I didn’t grow up with social marijuana use; I didn’t feel drawn to it and I didn’t really come across it until I started to go out to parties in my late teens. At age 17 I met my first bong at a backyard party.

It was dark and I was already well buzzed from a few drinks and wandered over to a group gathered around a bucket on a table; somebody asked if I wanted to try it and in my search for anything that would help ease the social insecurity I was feeling, I sucked back the smoke through a repurposed soda bottle. My world reeled, I lost all capacity and I pretty much lay wasted on a couch for hours before I could even function again.

Following the intensity of my first experience, I didn’t touch it for a while after that, but I can recall a number of other times where versions of this experience were repeated. Throughout my twenties my relationship with marijuana was a social one – I never paid money for it, I never smoked alone, I only occasionally smoked or ate a pot cookie and always because somebody shared it with me or wanted me to join them.

This calculated approach made me feel ‘good’ about it and better than people who smoked all the time. I wasn’t the one with a drug problem and I didn’t feel responsible for the consequences – after all, I didn’t buy it or grow it, right?

Making it a social thing gave me the perfect alibi that it wasn’t my problem and also that I didn’t have a problem – I was in control.

Looking back, I never once got stoned because I wanted to; I was getting stoned to:

  • ease my social tension

  • make others feel more comfortable

  • feel included

  • be cool

  • not feel isolated and alone

. . . all the same reasons why I later snorted the odd line of cocaine or tried ecstasy and speed. It was ‘experimental’ or ‘recreational’, but all with the undercurrent of seeking a way to be social, be something, be someone, be included.

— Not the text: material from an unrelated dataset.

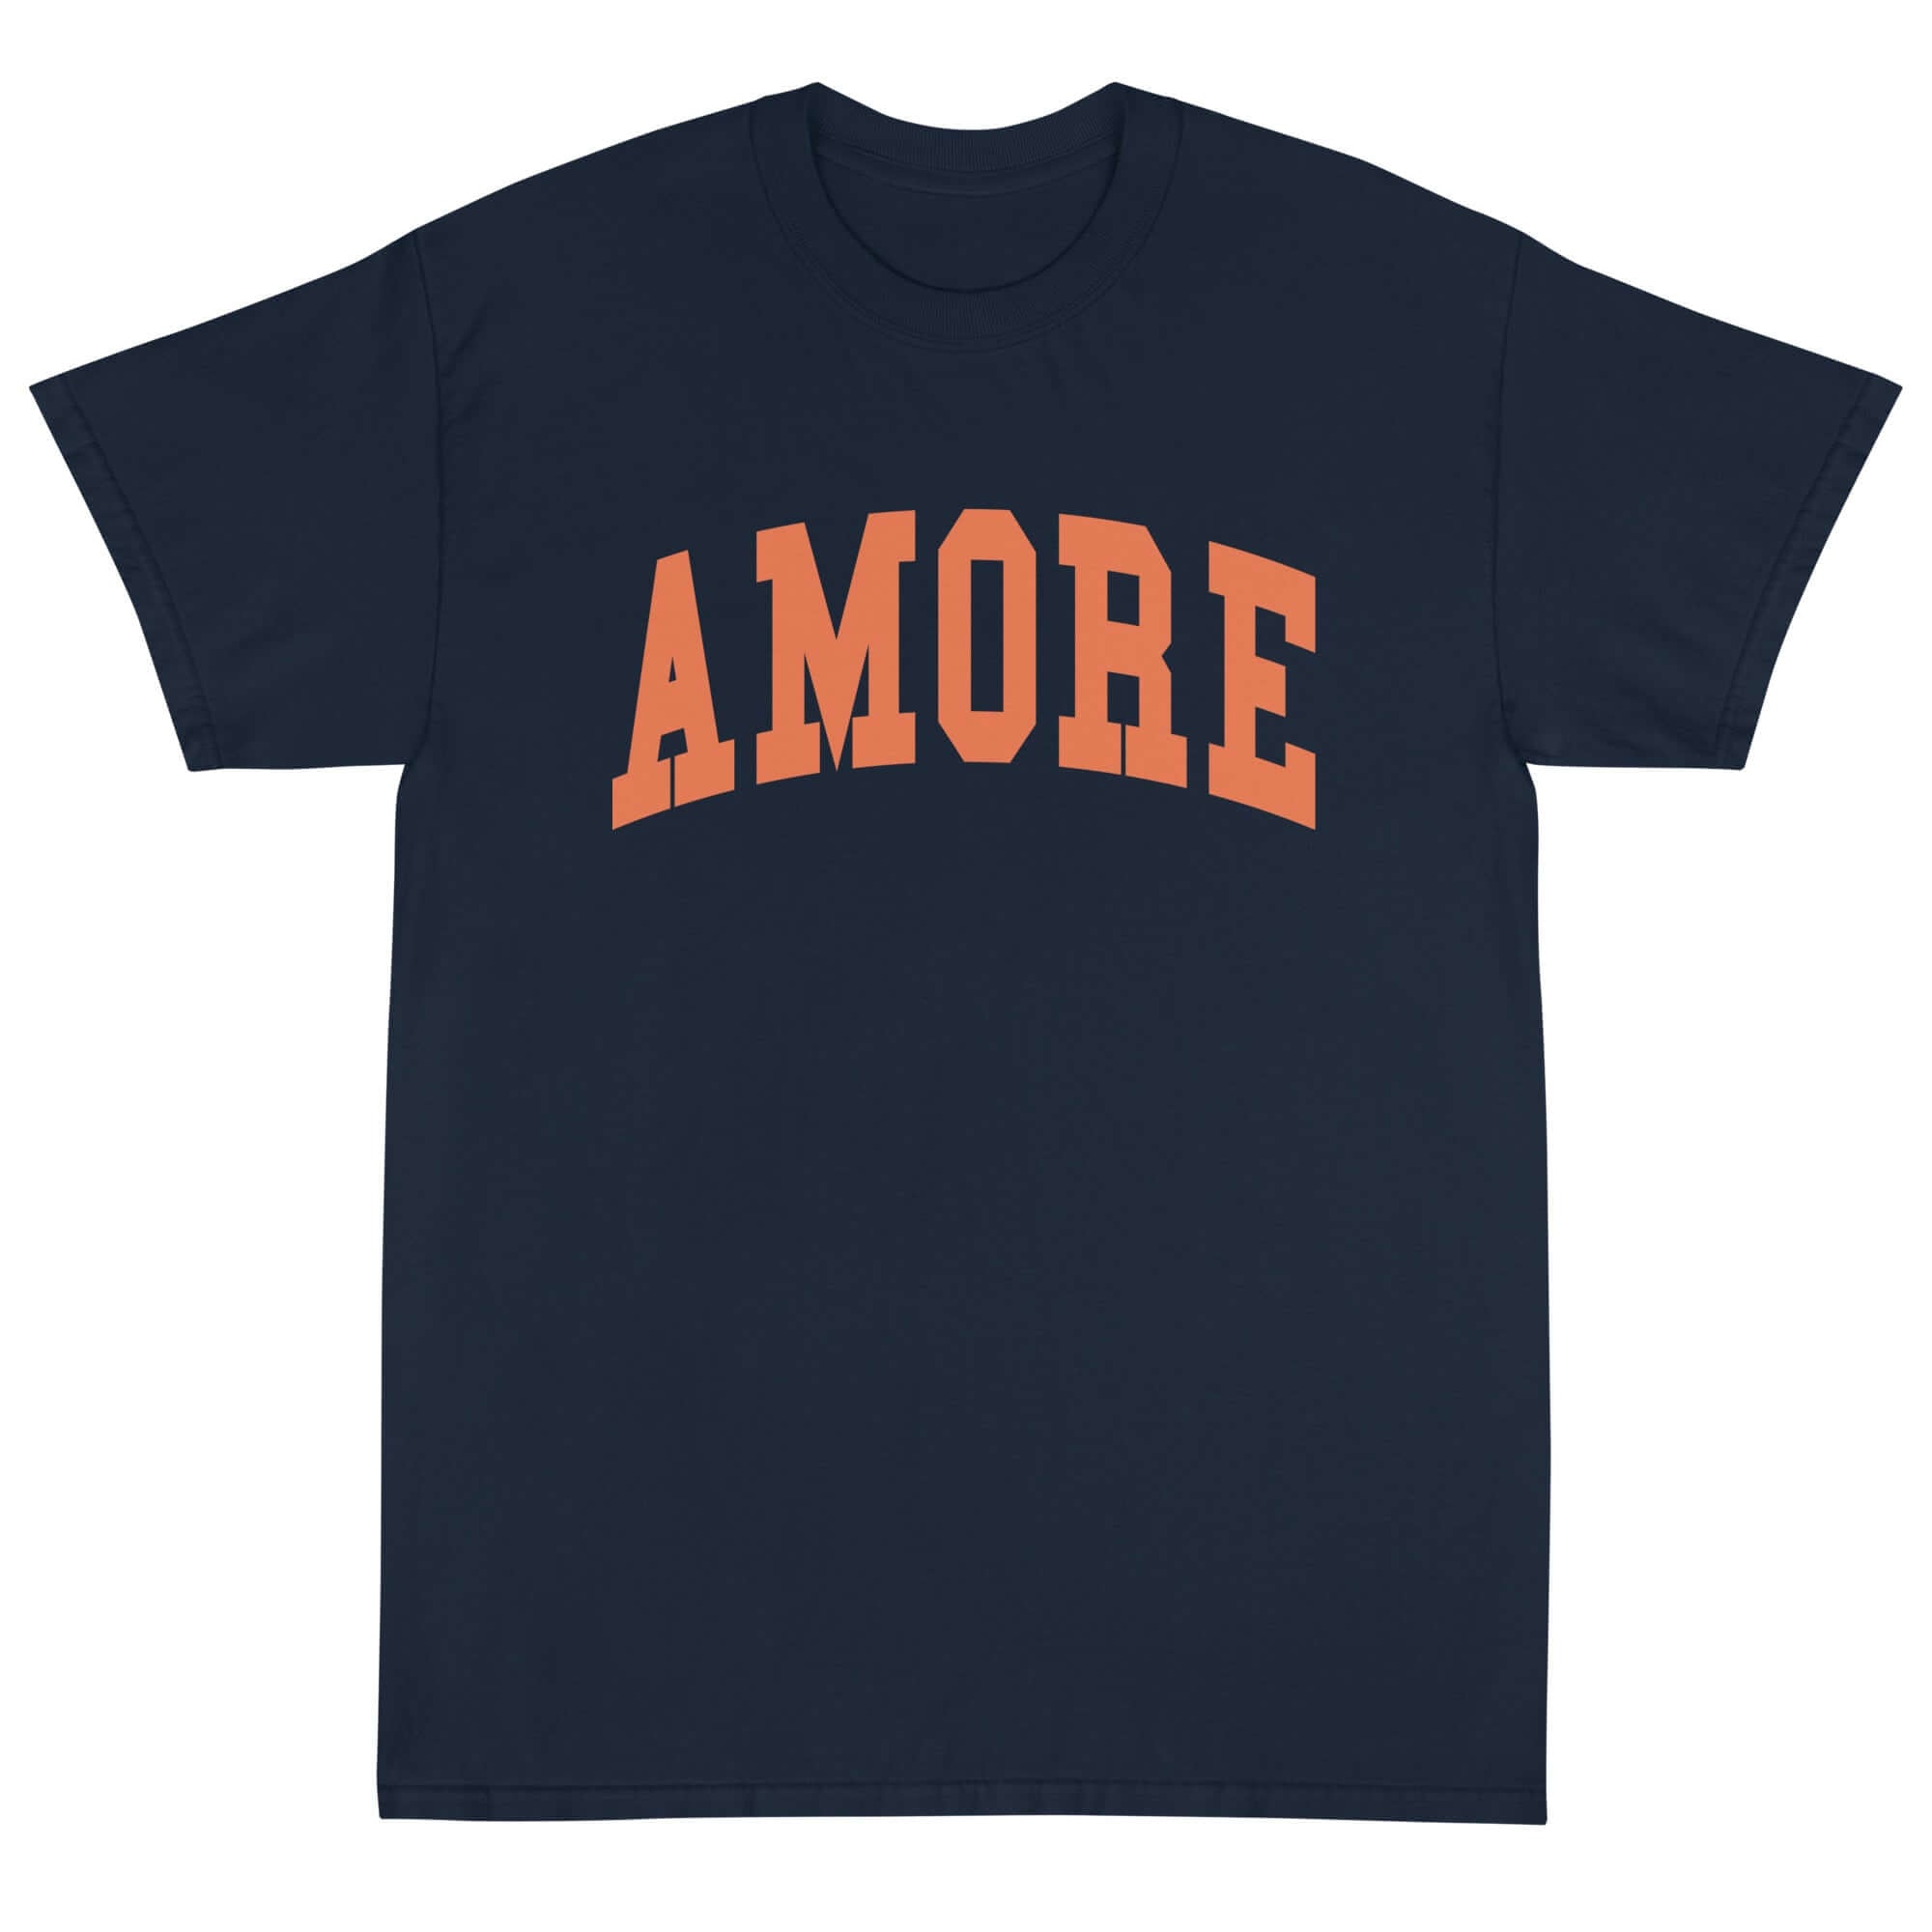 Amore - Custom t-shirt - The Refined Spirit

And for many there may not be anything wrong with going along with the crowd, especially when this moderated approach seems fairly harmless, particularly when quantity is applied as a measure. I was only dipping my toe in, I wasn’t really invested, I would participate and be social, maybe suffer a hangover, husky throat or be off for a few days but I wasn’t hurting anyone, right? Taken in small doses, recreational drugs weren’t affecting my ability to turn up to work or to pay my bills and taxes.

In small quantities I could justify my choices, but what if quality were used as the measure? A few years ago I started to read the words of Serge Benhayon who talks about quality a lot.

It was also from Serge I first heard the expression:

“Everything is everything and nothing is nothing.”

It was the first time I had considered the possibility that every move, every choice I made mattered… even the smallest puff of a joint around friends. What if every action, behaviour or thought either hurt or healed? Not just affecting myself, but everyone. This was an unsettling proposal for someone who had been going along for the ride for most of her life.

Hearing Serge talk about quality prompted me to look deeper and begin to appreciate the possibility that we each have a unique quality we bring to the world just by being our natural selves – kind of like how we were as kids when hanging out with friends and playing . . . it felt simpler then. The more I started to feel that perhaps we all have this quality that is really worth something, the more I started to consider that it is worth taking care of my body and all the parts that make it the whole that it is. In valuing my body, I couldn’t ask parts such as my lungs to ‘suck it up’ anymore, even for just one night or party: taking care of my body became more important than the need to fit in, ‘relax’ or find relief in social situations.

“When you are with you,
you cannot harm your body –
It is impossible to harm something
that is with you.
Separate from your body and it is easy to bring
harm and or abuse to it.”

Serge Benhayon Esoteric Teachings & Revelations, p 577

Over the years I have been practising connecting to what this quality of ‘being with me’ is and I feel like the more I explore it and connect with it in my day-to-day life, the more I can allow myself to be, and the more I feel like it’s worth being me.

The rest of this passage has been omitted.